**ACTIVITY**
Could you transcribe exactly the lines below, from the line with "Ryanair-ի Միլան-Երևան չվերթի" through the line with "Антицеллюлитный крем-гель MATERNEA", and nothing else, leaving out the pictures?

**INPUT MATERIAL**
%%

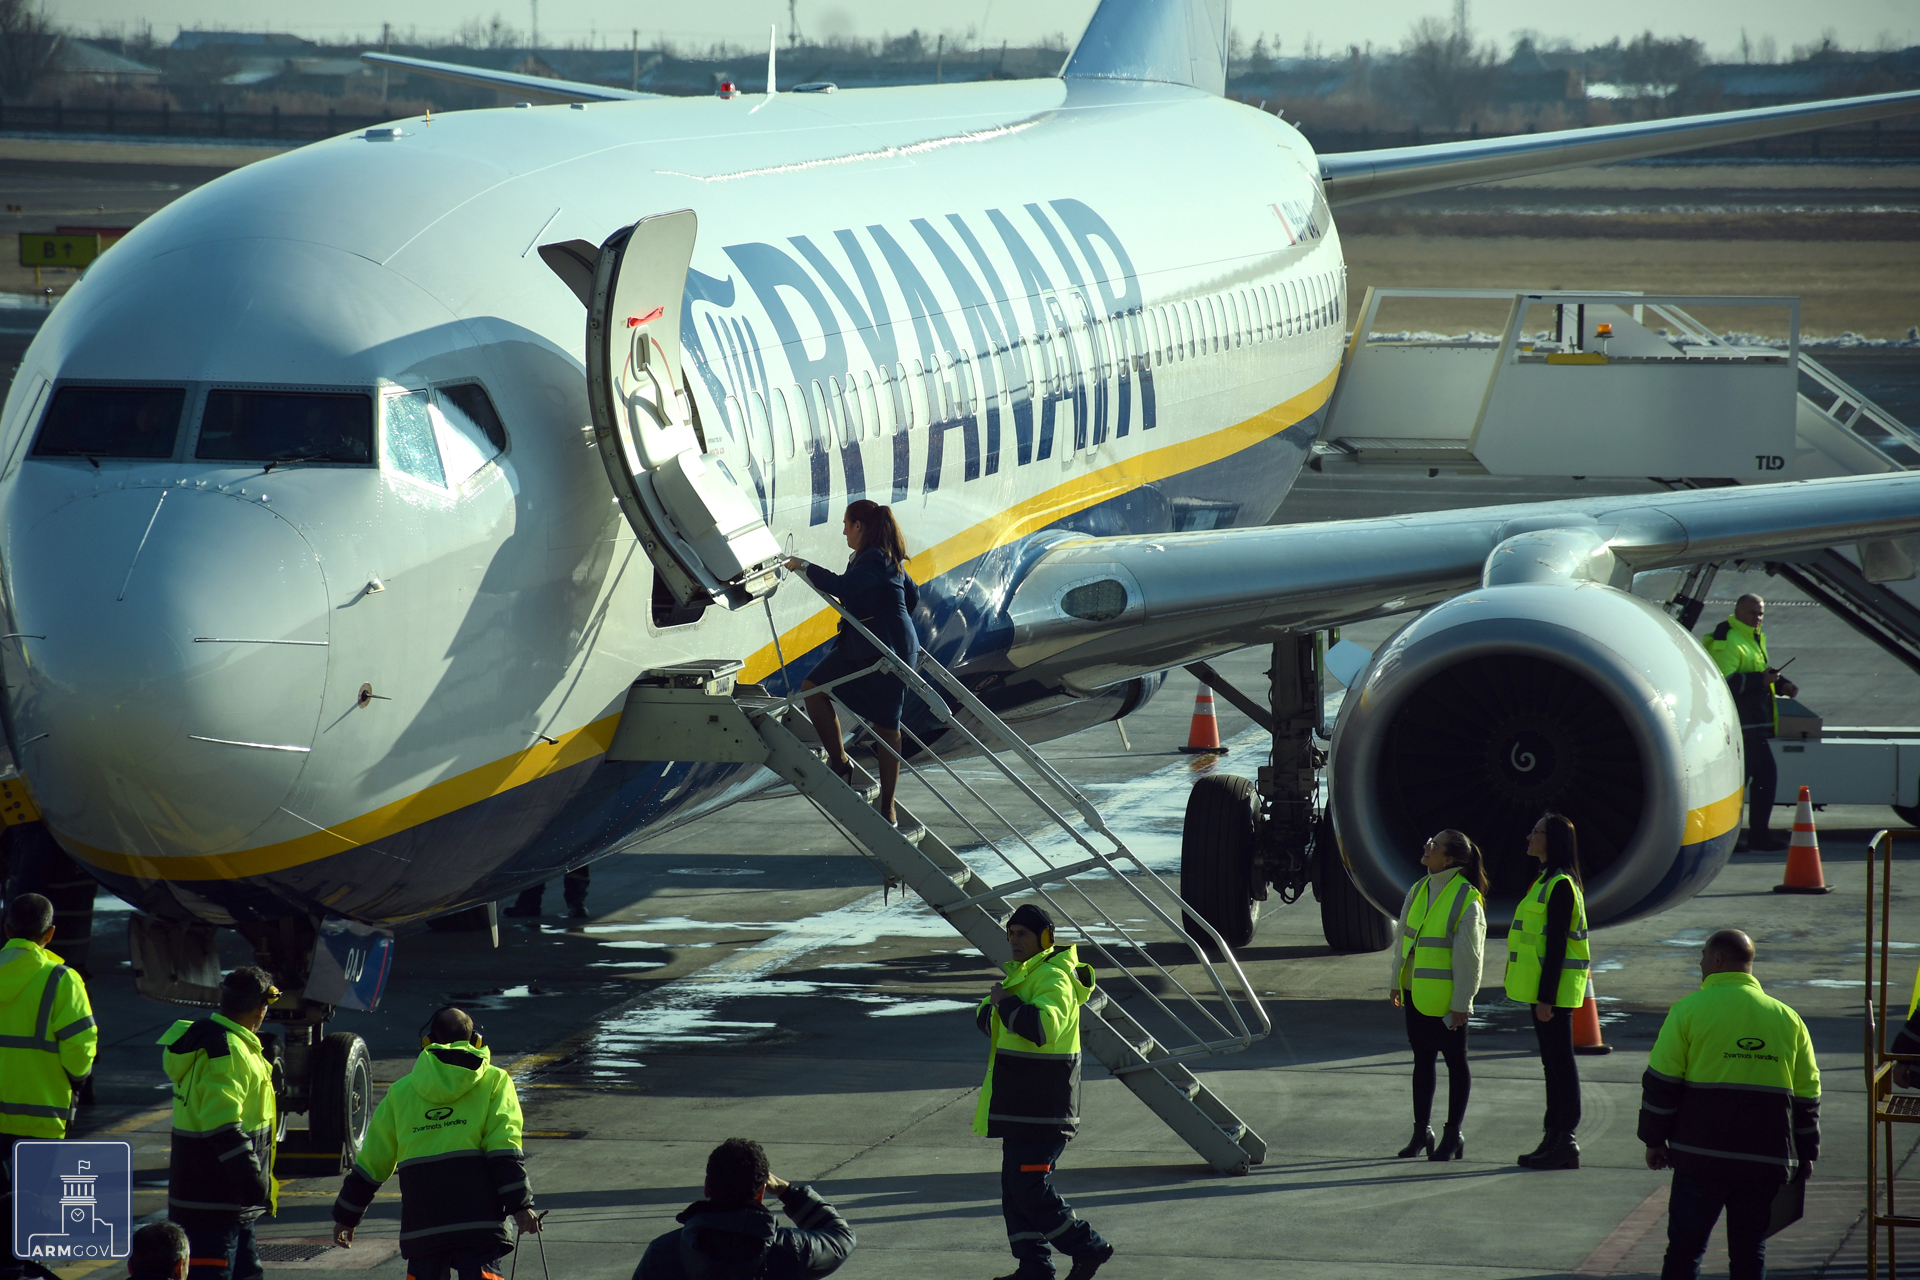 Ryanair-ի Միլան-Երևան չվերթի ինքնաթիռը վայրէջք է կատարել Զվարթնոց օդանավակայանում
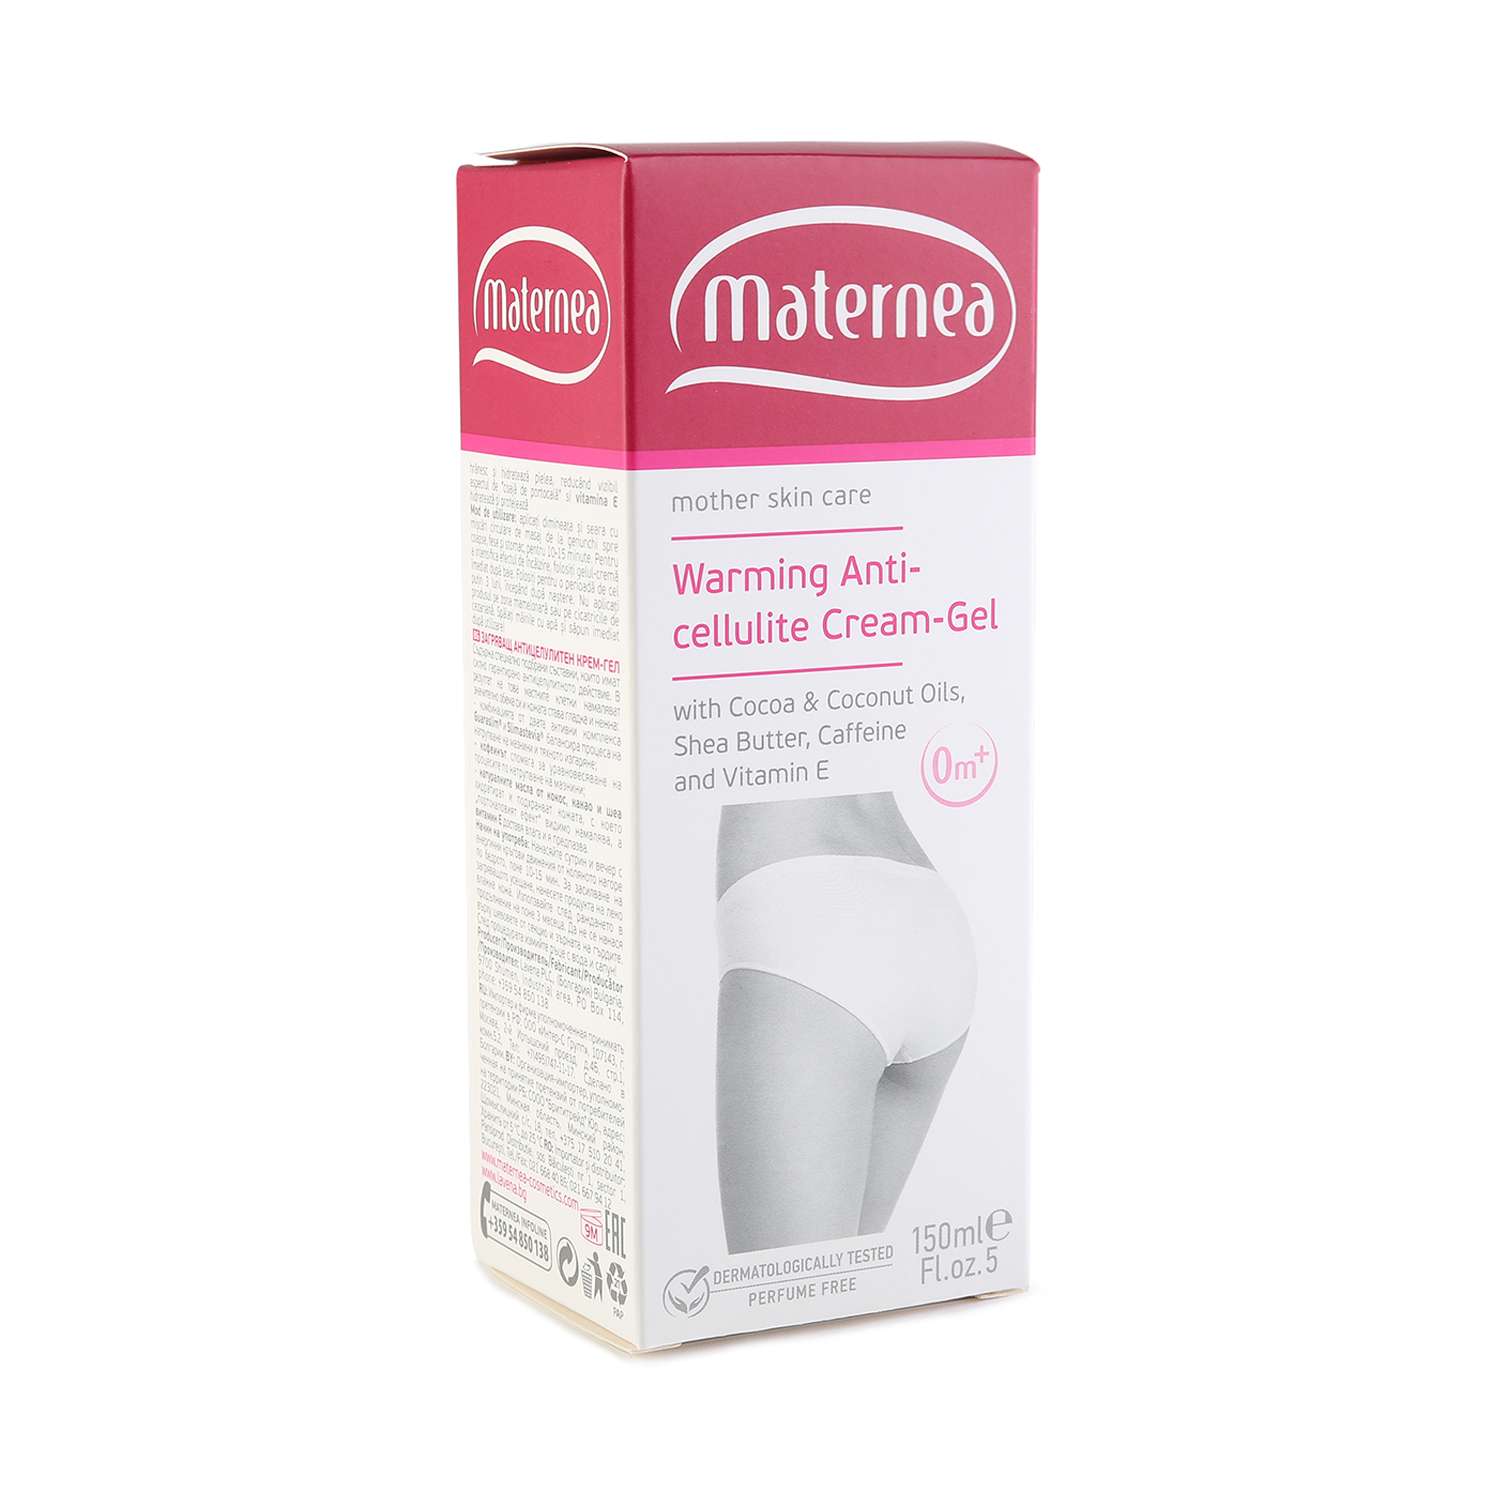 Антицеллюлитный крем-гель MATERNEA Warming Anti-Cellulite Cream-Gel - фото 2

%%
%%

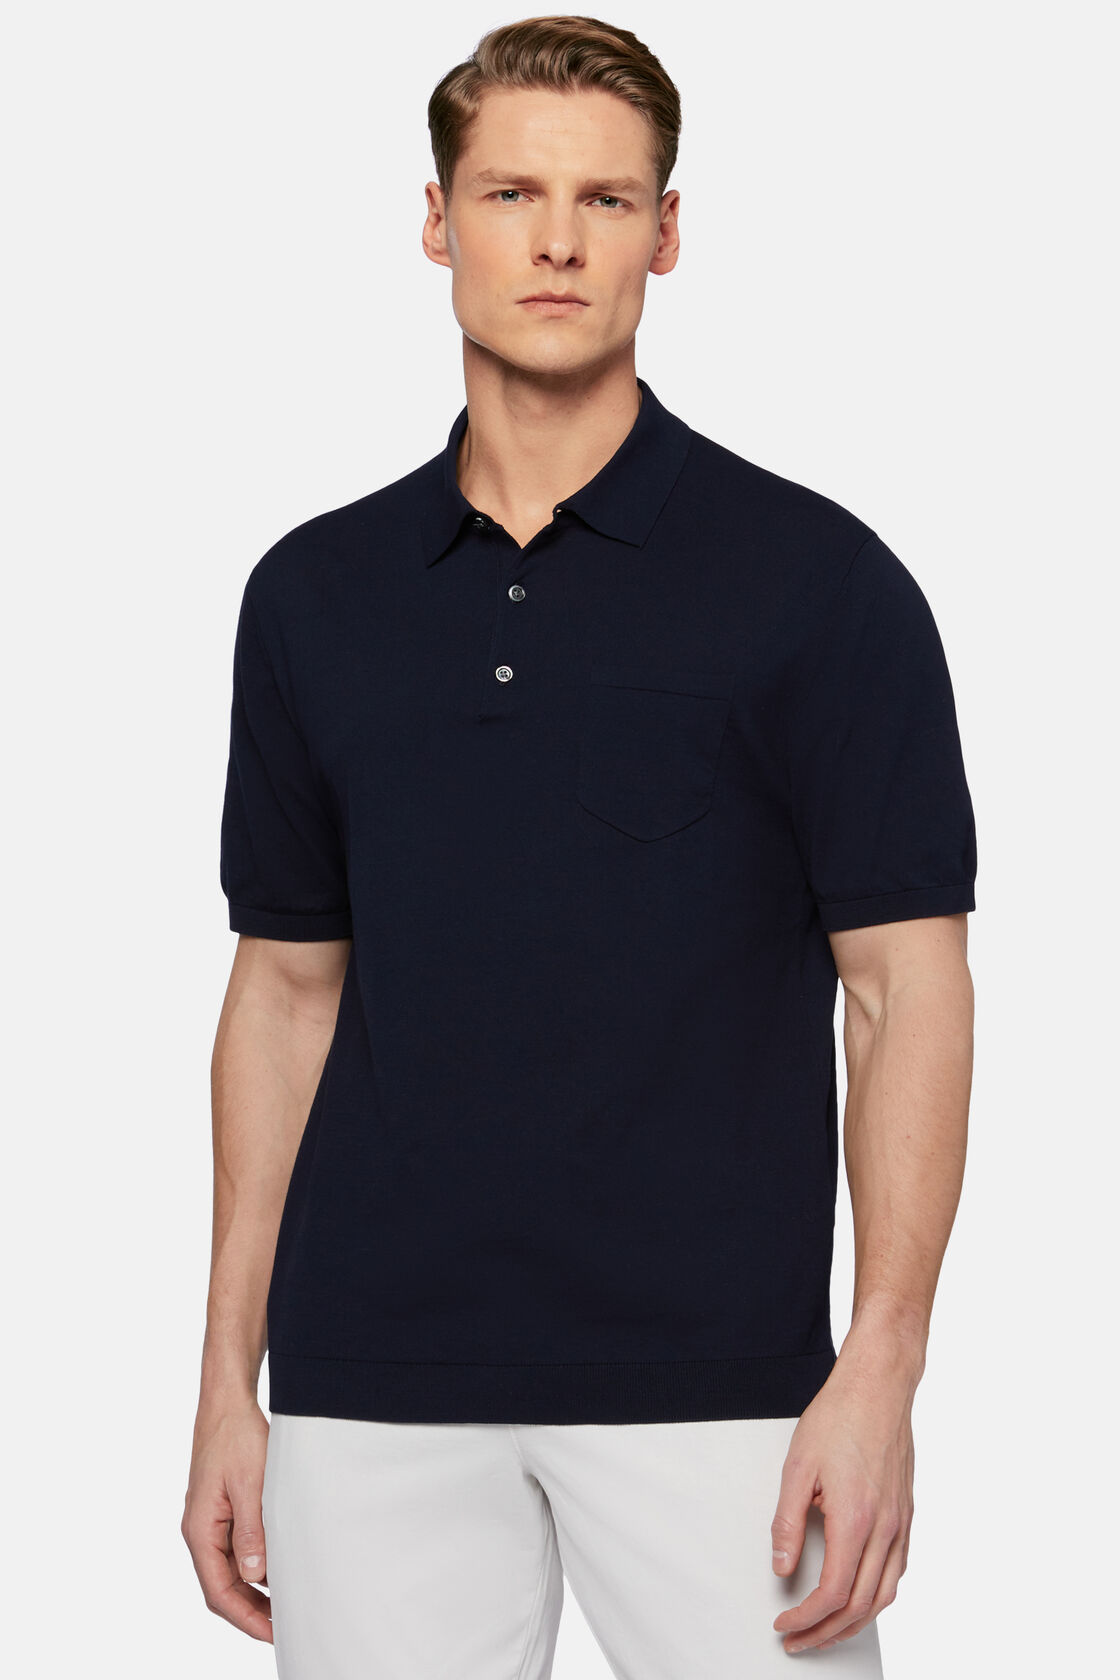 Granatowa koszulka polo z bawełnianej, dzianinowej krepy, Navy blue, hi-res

%%

**SOLUTION FOR THIS PROBLEM**
 Ryanair-ի Միլան-Երևան չվերթի ինքնաթիռը վայրէջք է կատարել Զվարթնոց օդանավակայանում
 Антицеллюлитный крем-гель MATERNEA Warming Anti-Cellulite Cream-Gel - фото 2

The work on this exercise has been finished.